Peça-chave para esclarecer a trama, Cristina
Ribeiro apagou seu perfil no Facebook e trancou-se no apartamento que divide
com a mãe na avenida Atlântica, em Copacabana. Um imóvel similar ao que ela
ocupa, no mesmo prédio, foi avaliado em 4 milhões de reais. Por telefone, Cristina
disse a este repórter que nem sabia que tinha sido condenada em janeiro de 2013
pelo sumiço dos processos. A lei do silêncio imposta pelos barões da mídia
sobre seus próprios negócios – eventualmente suspensa por conta de disputas
comerciais entre eles –, para todos os efeitos, foi sepultada. O gigante
vertical tremeu diante da rede horizontal tecida a partir de um certo Cafezinho.

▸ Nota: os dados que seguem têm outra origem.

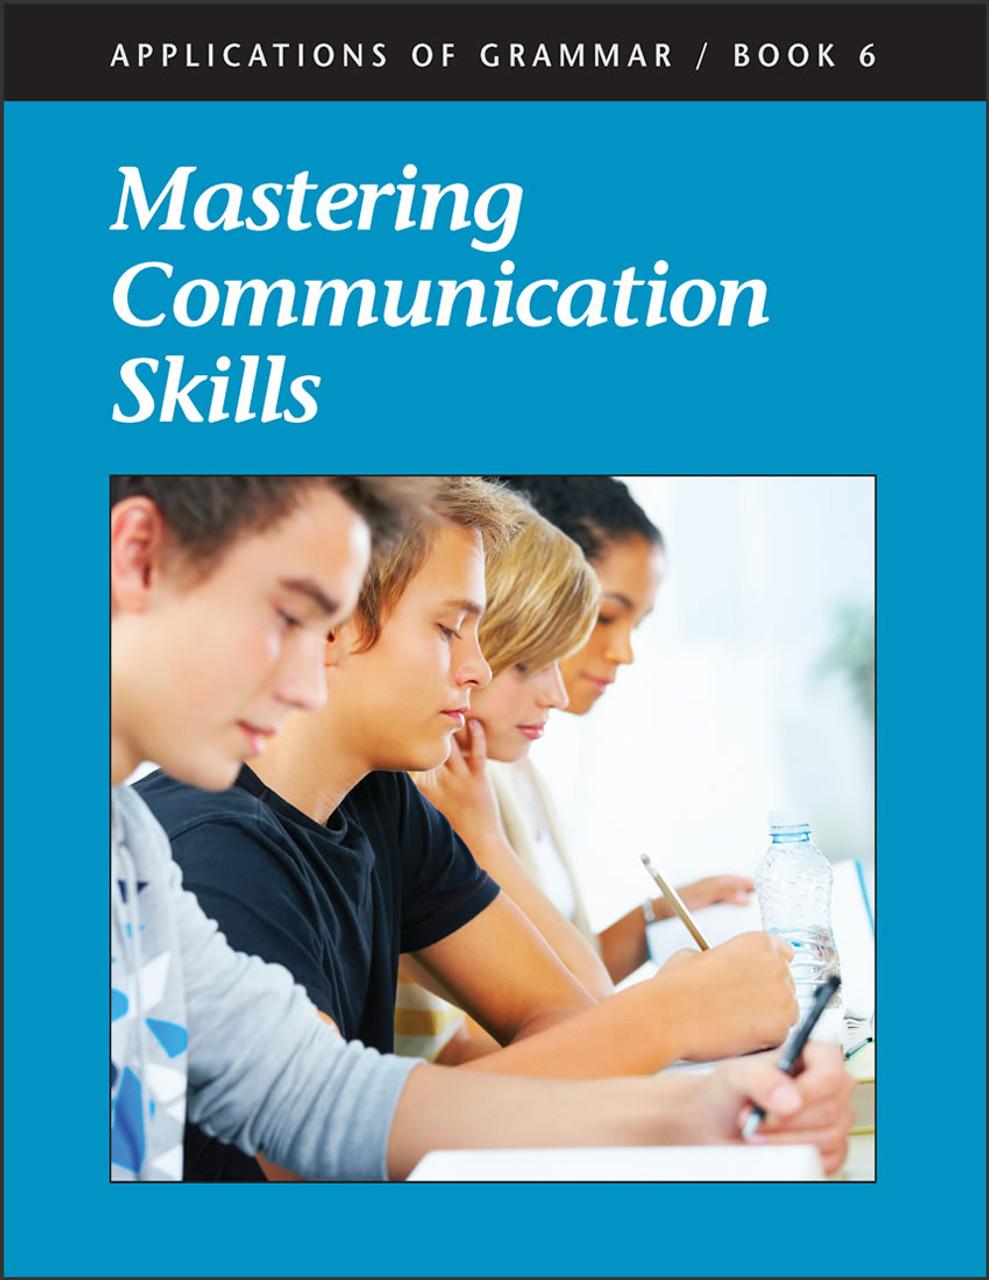 Applications of Grammar 6: Mastering Communication Skills

“Fora Rede Globo, o povo não é bobo”, bordão que surgiu nas longínquas greves
do ABC paulista, nos anos 80, ganhou versão digital: “Globo Sonega”, que militantes
projetaram sobre o prédio paulista da emissora, como se fosse uma logomarca
iluminada do século 21.
Assista a reportagem: A mulher
condenada por sumir com processo da Globo
Muito Além
do Cidadão Kane - Sorria você está sendo Manipulado
Produzido pela BBC de Londres e dirigido
por Simon Hartog, “Muito Além do Cidadão Kane”, documentário cujo o título faz
menção ao célebre personagem de Orson Welles no filme Homônimo. Após cinco anos
de pesquisas este documentário tem o propósito de desvendar como um só homem
pode dominar a forma de como todo um país recebe a sua informação, como essa
situação foi construída e mantem-se no poder até os dias de hoje.
Em visita ao Brasil, nos anos 80, o inglês
Simon Hartog conheceu o império do Sr. Roberto Marinho e se impressionou com a
estrutura edificada e o homem por trás dela, concentrado em Marinho e na TV
Globo, por que ele é o exemplo mais radical da prostituição entre a política e
imprensa no Brasil.
O documentário traz depoimentos de
políticos, artistas, jornalistas, como Brizola, Chico Buarque, Walter Clark, Armando
Nogueira, Antonio C. Magalhães, Lula entre outras personalidades brasileiras. O
Apoio da globo a Ditadura o desprezo pelas Diretas Já, e as eleições Collor X
Lula, analisando a cobertura da Globo em episódios que marcaram a história do
país.
Muito Além do Cidadão Kane mais do que
falar da TV Globo, relata sobre os processos e emaranhados que determinaram a
política de telecomunicações do Brasil.